An app a day keeps the doctor away may very well be what our children hear as they grow up in the 21st century. During my research, I found that the origin of the familiar phrase, "An apple a day keeps the doctor away", may have originated 148 years ago in Wales, UK

A Pembrokeshire proverb. Eat an apple on going to bed, And you'll keep the doctor from earning his bread.

Before I talk about apps replacing apples, I'd like to share some of the feedback that's been generated from my last blog post on tech making doctors unemployed. It's triggered a healthy debate within & outside the medical profession. I'm not sure doctors like me anymore! 

I've had docs email me saying stop pushing this kind of talk, I need to put my kids through college. Some of the younger doctors have responded positively, understanding that they might benefit by having digital skills as a doctor. Many older docs seem to be terrified, and some docs of all ages seem to be responding to the threat with at attitude of "Bring it on!"

All of this has really made me think deeply about the choices we face in society in this increasingly automated world. A visit to a London supermarket this week compelled me to ask this question. 

Whilst some doctors may be outraged that I have the audacity to even challenge the notion that their work cannot be automated by machines, there are deeper questions facing ALL of us in society. This recent Guardian article which has the headline, "When robots take our jobs, humans will be the new 1%. Here's how to fight back."

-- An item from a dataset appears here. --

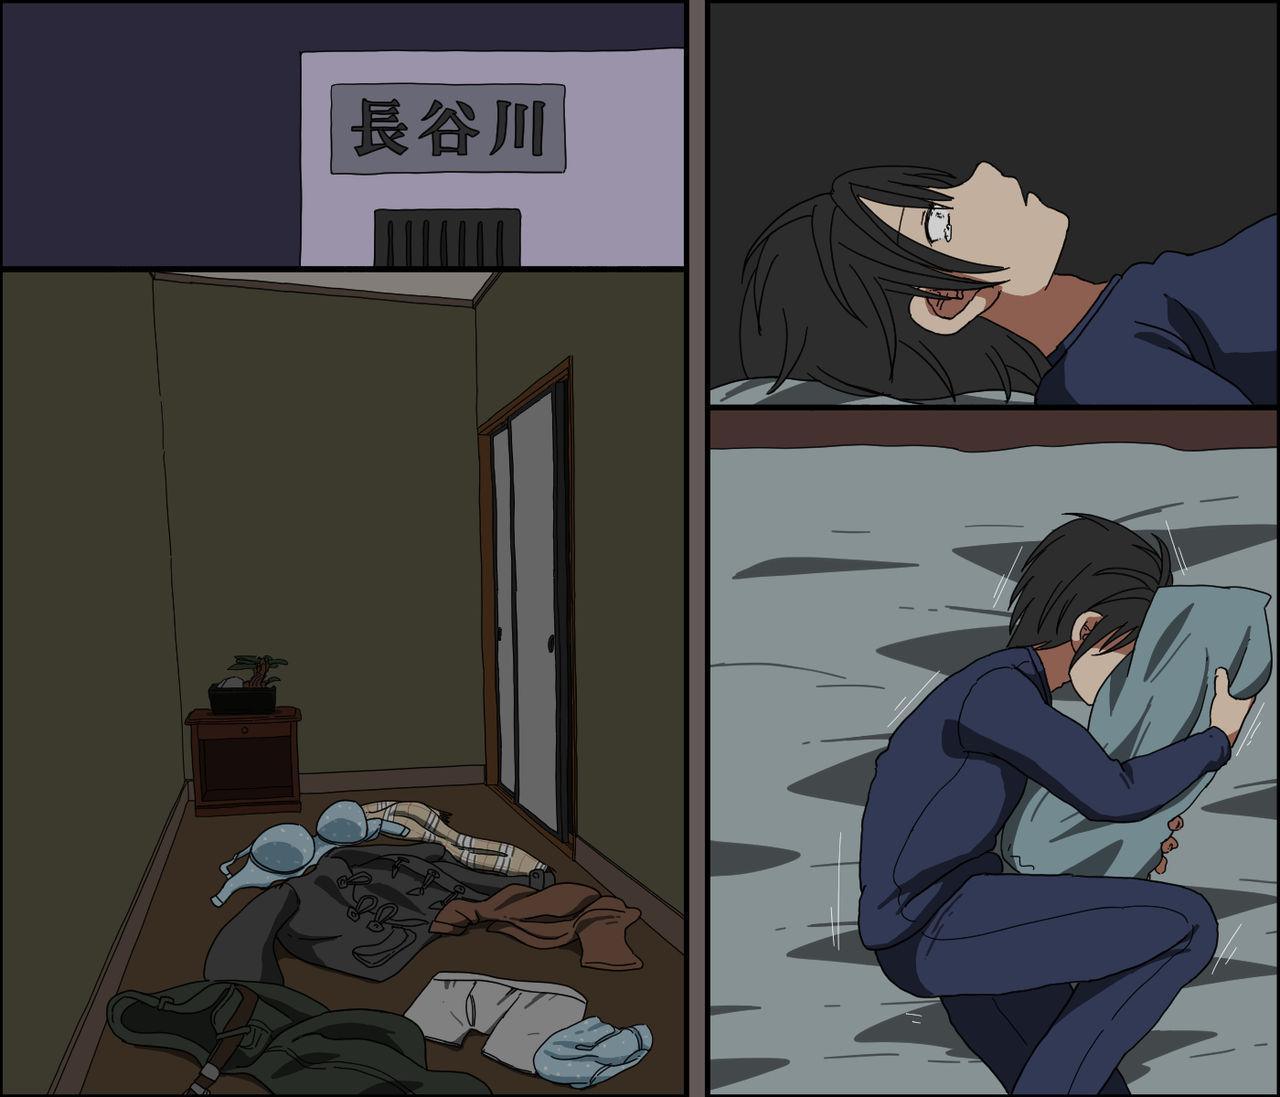 Aitsu ga Katta Gom no Size wa Ore no yori Dekakatta 174
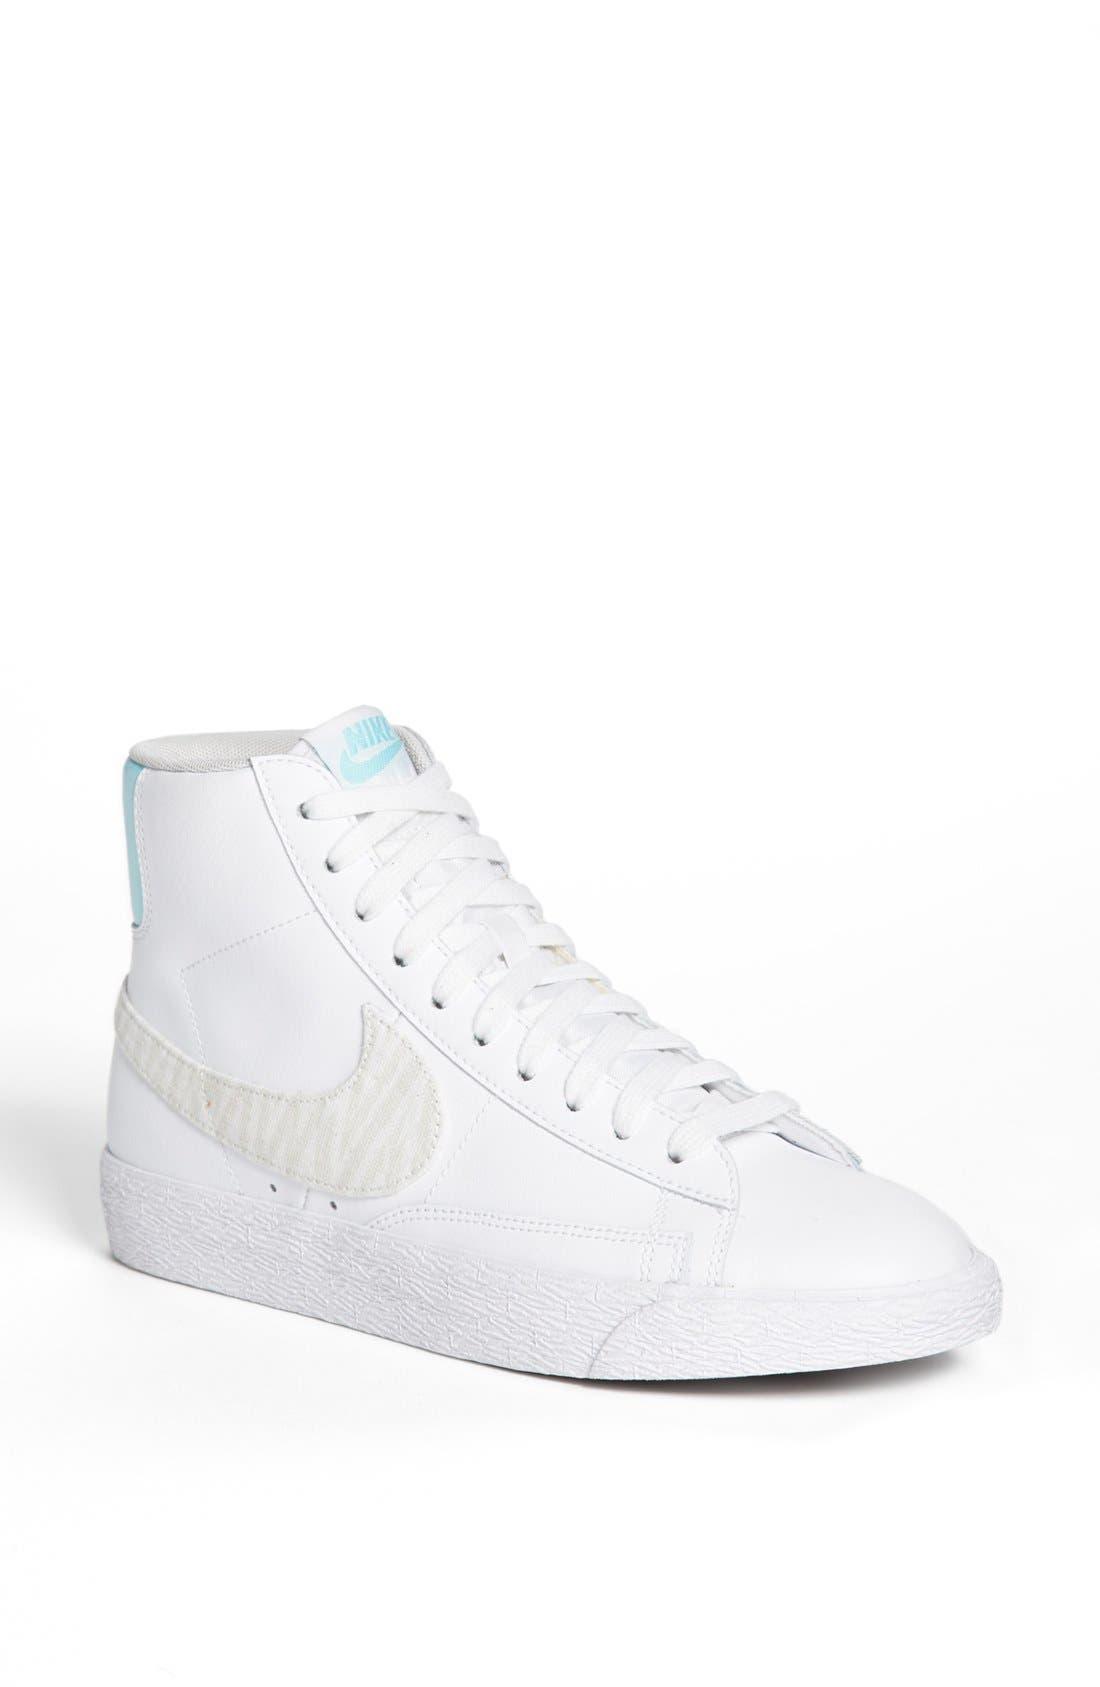 Main Image - Nike 'Blazer' Mid Leather Sneaker (Women)

Even much of the work I've done for the past 20 years, in the realm of data analytics, is being handled by machines and software now. In fact, as a Futurist, I may be joining the doctors at the unemployment office in 2025, given that robots are now writing news stories, and some believe that 90% of the news could be written by computers by 2030.

Is the future that we're heading towards really the future we desire? If it isn't the future we desire, whose responsibility is to intervene? Should governments create policies that encourage institutions to retain human workers, even when the human is more expensive than the machine? Should the CEO of a corporation also wear the hat of Chief Ethics Officer? 

Will getting an app on prescription become the norm?

Many people including patients in rich countries may roll their eyes at using their mobile phone for healthcare, but patients in low and middle income have been using mobile phones in healthcare for several years, frequently using text messages with more basic phones, not apps with smartphones.

In fact, Africa is home to the largest number of mHealth projects in the world. A list with examples of projects can be found here. Patients in the US during 2014 will be able to download the world's first doctor prescribed app, Bluestar, for helping them to manage Type 2 Diabetes. This is a massive step, and could it be a signal of times to come? 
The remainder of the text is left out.